● **EXERCISE DATA**:

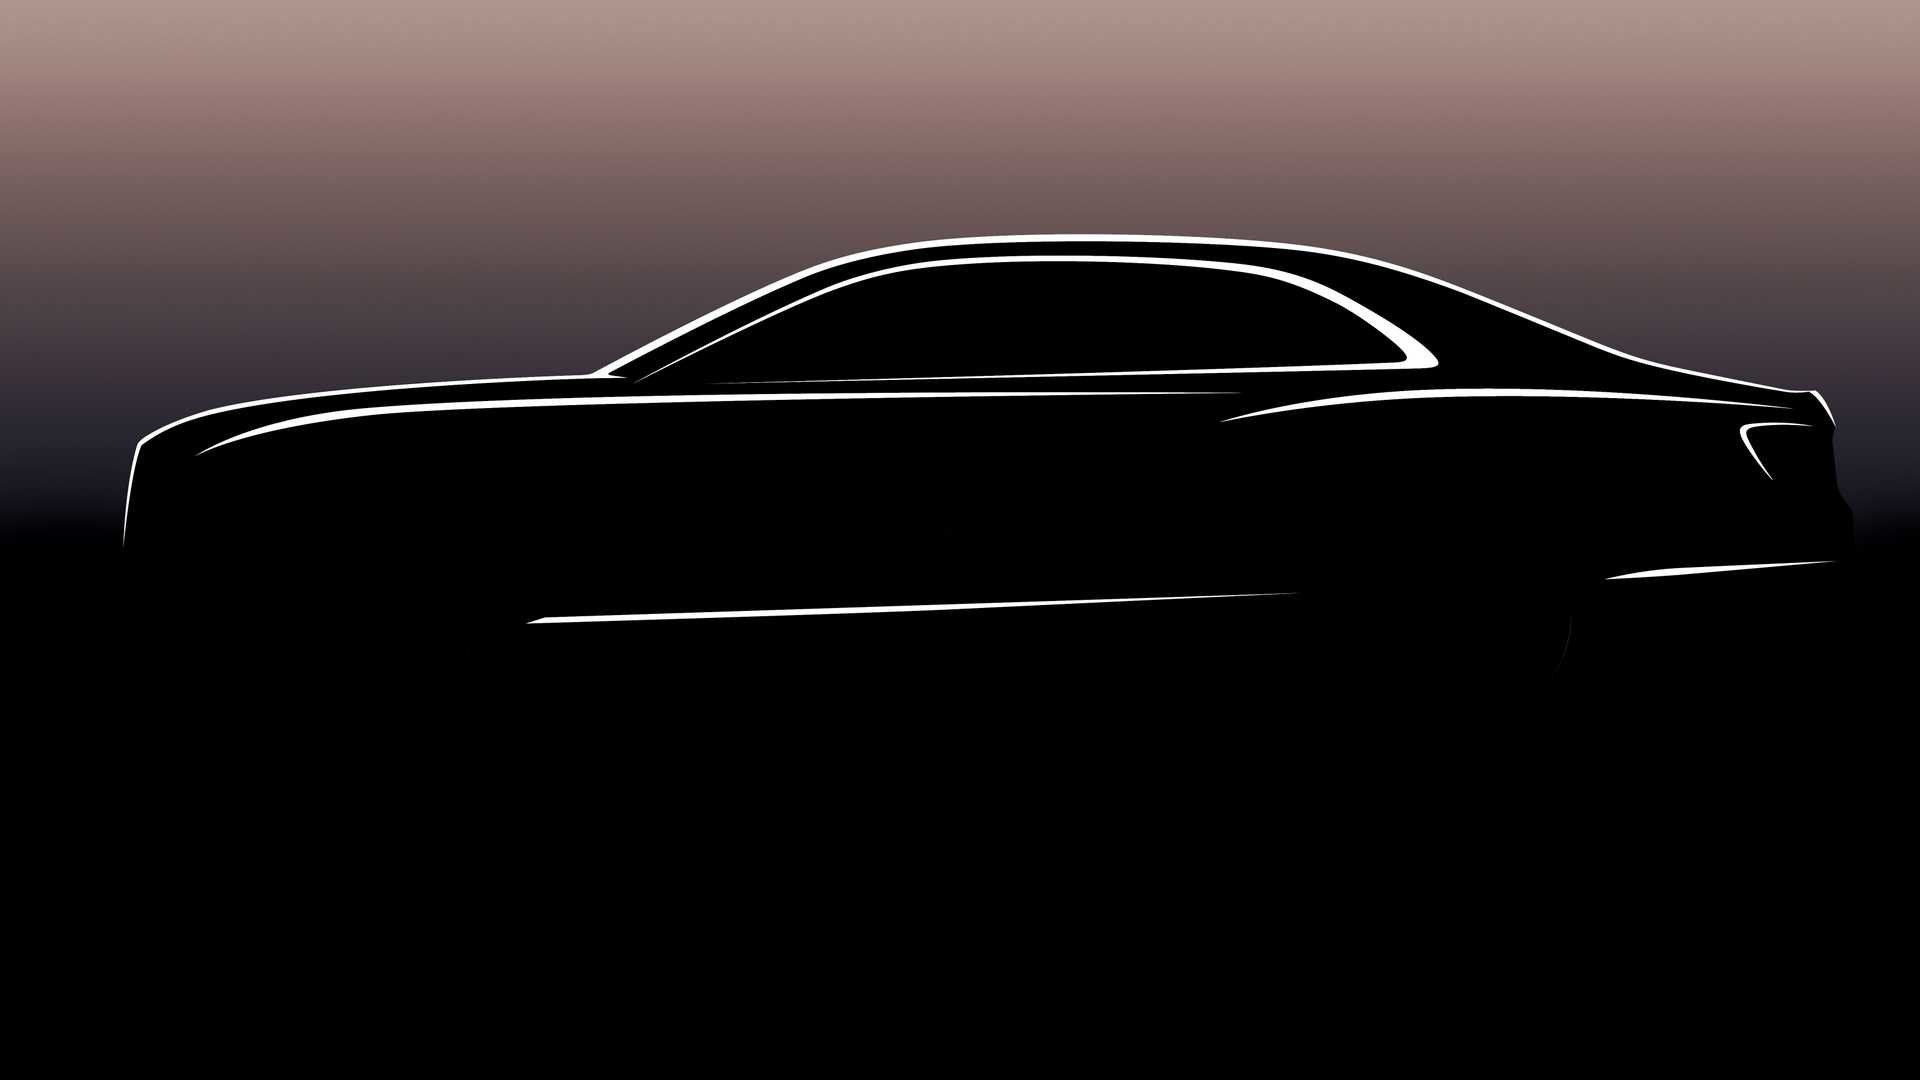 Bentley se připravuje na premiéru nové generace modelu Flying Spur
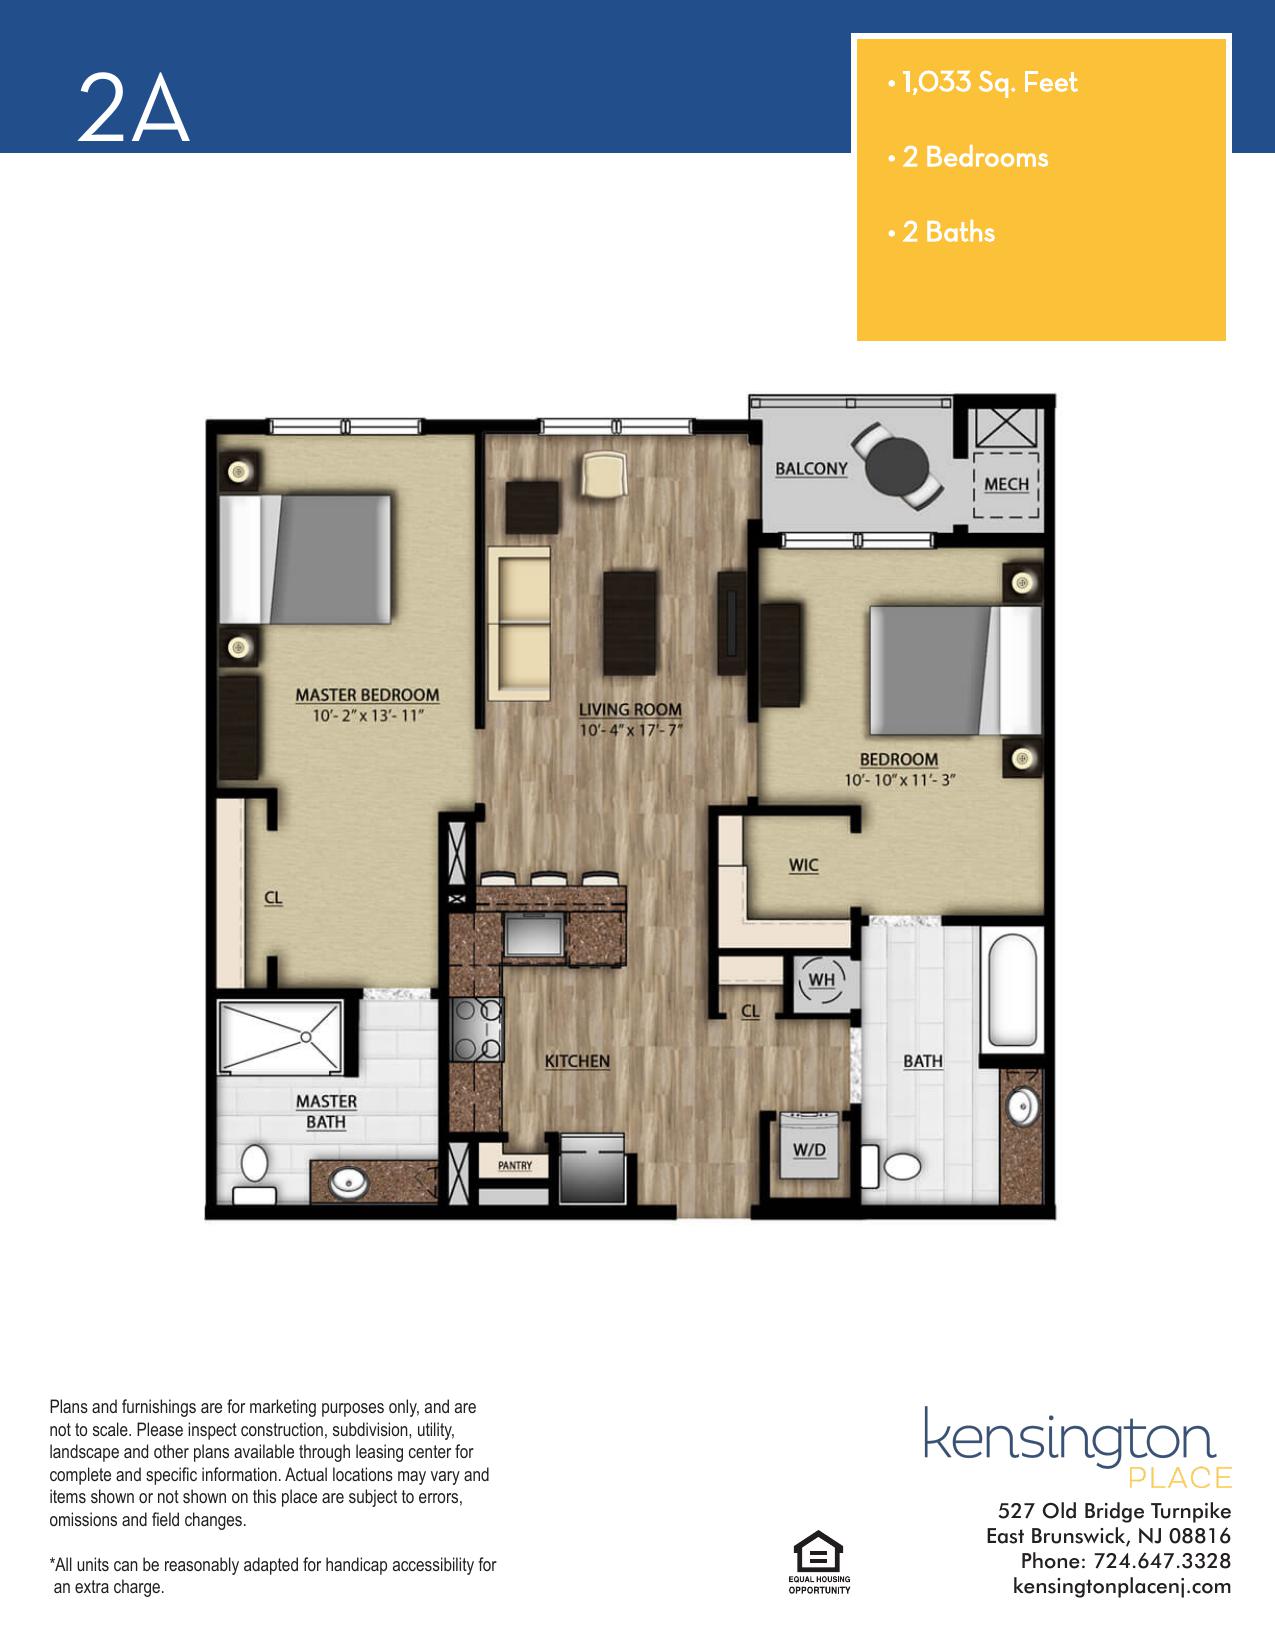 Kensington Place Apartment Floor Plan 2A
==
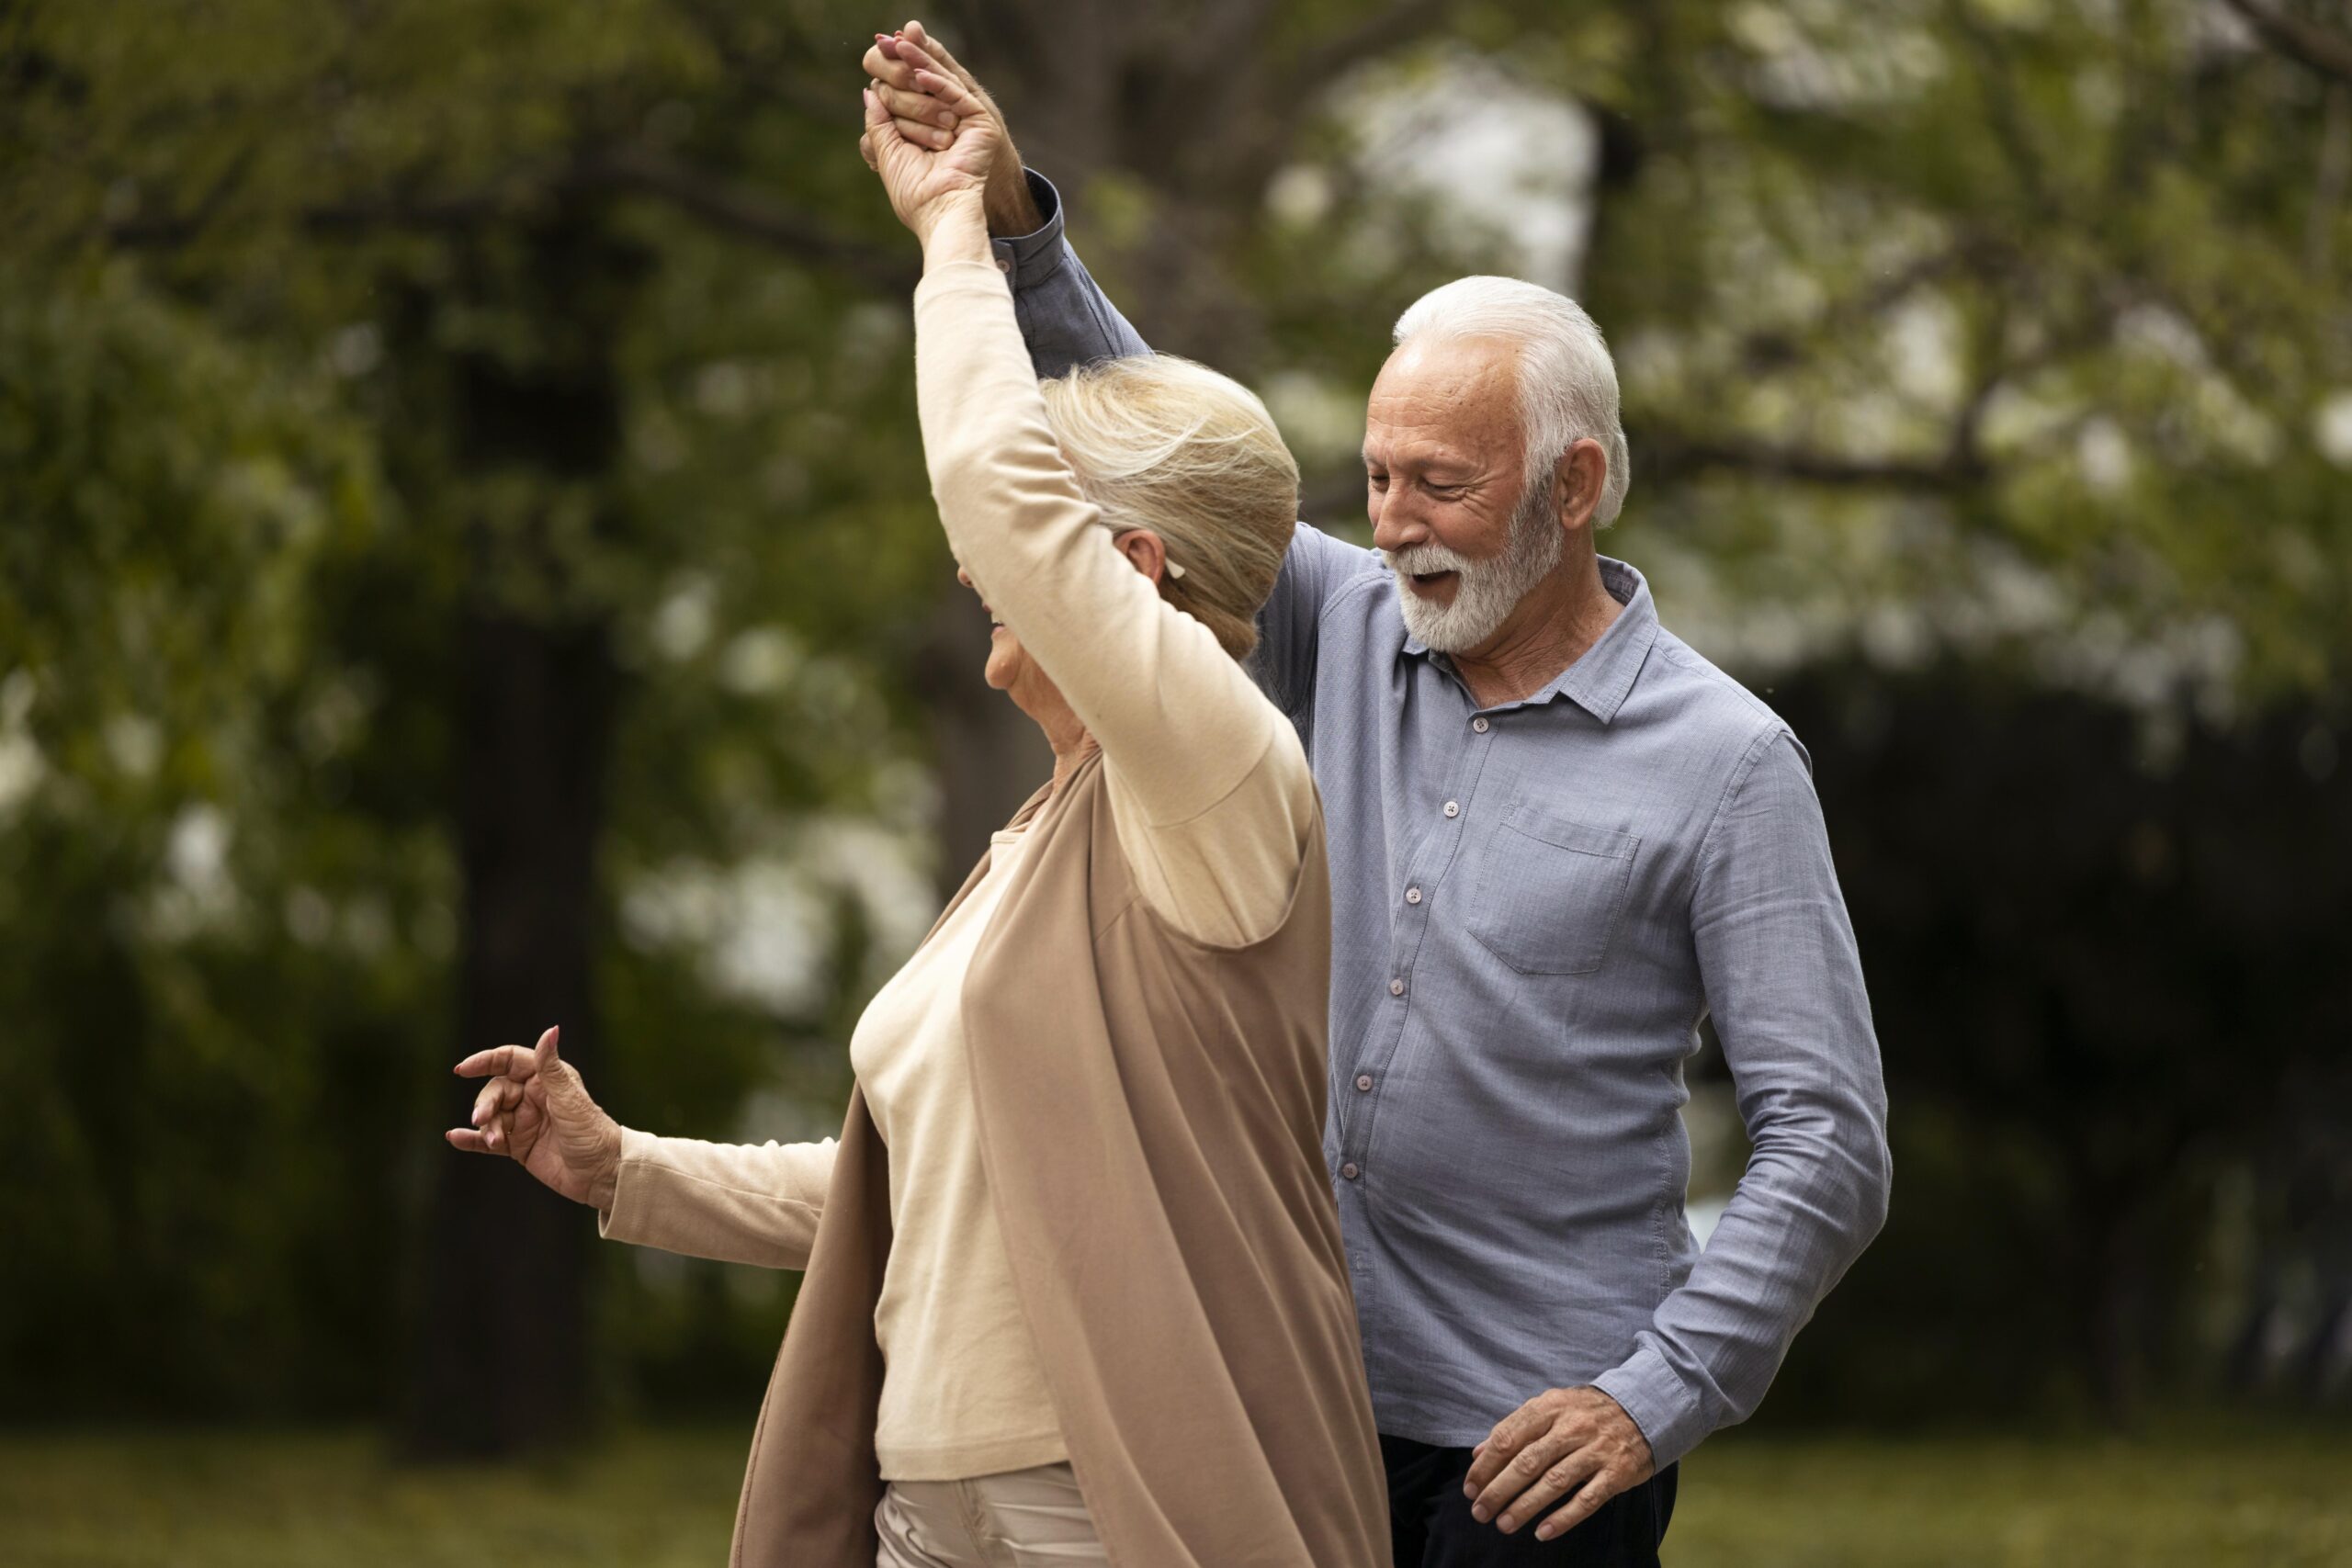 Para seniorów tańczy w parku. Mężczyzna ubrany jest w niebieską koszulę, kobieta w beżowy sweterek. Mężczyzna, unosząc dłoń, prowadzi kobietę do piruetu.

● **EXERCISE**: Print, word for word, the lines above that run from the line containing "Bentley se připravuje" to the line containing "Kensington Place Apartment Floor Plan 2A", both included. Keep the pictures out.

● **SOLVED EXERCISE**:
 Bentley se připravuje na premiéru nové generace modelu Flying Spur
 Kensington Place Apartment Floor Plan 2A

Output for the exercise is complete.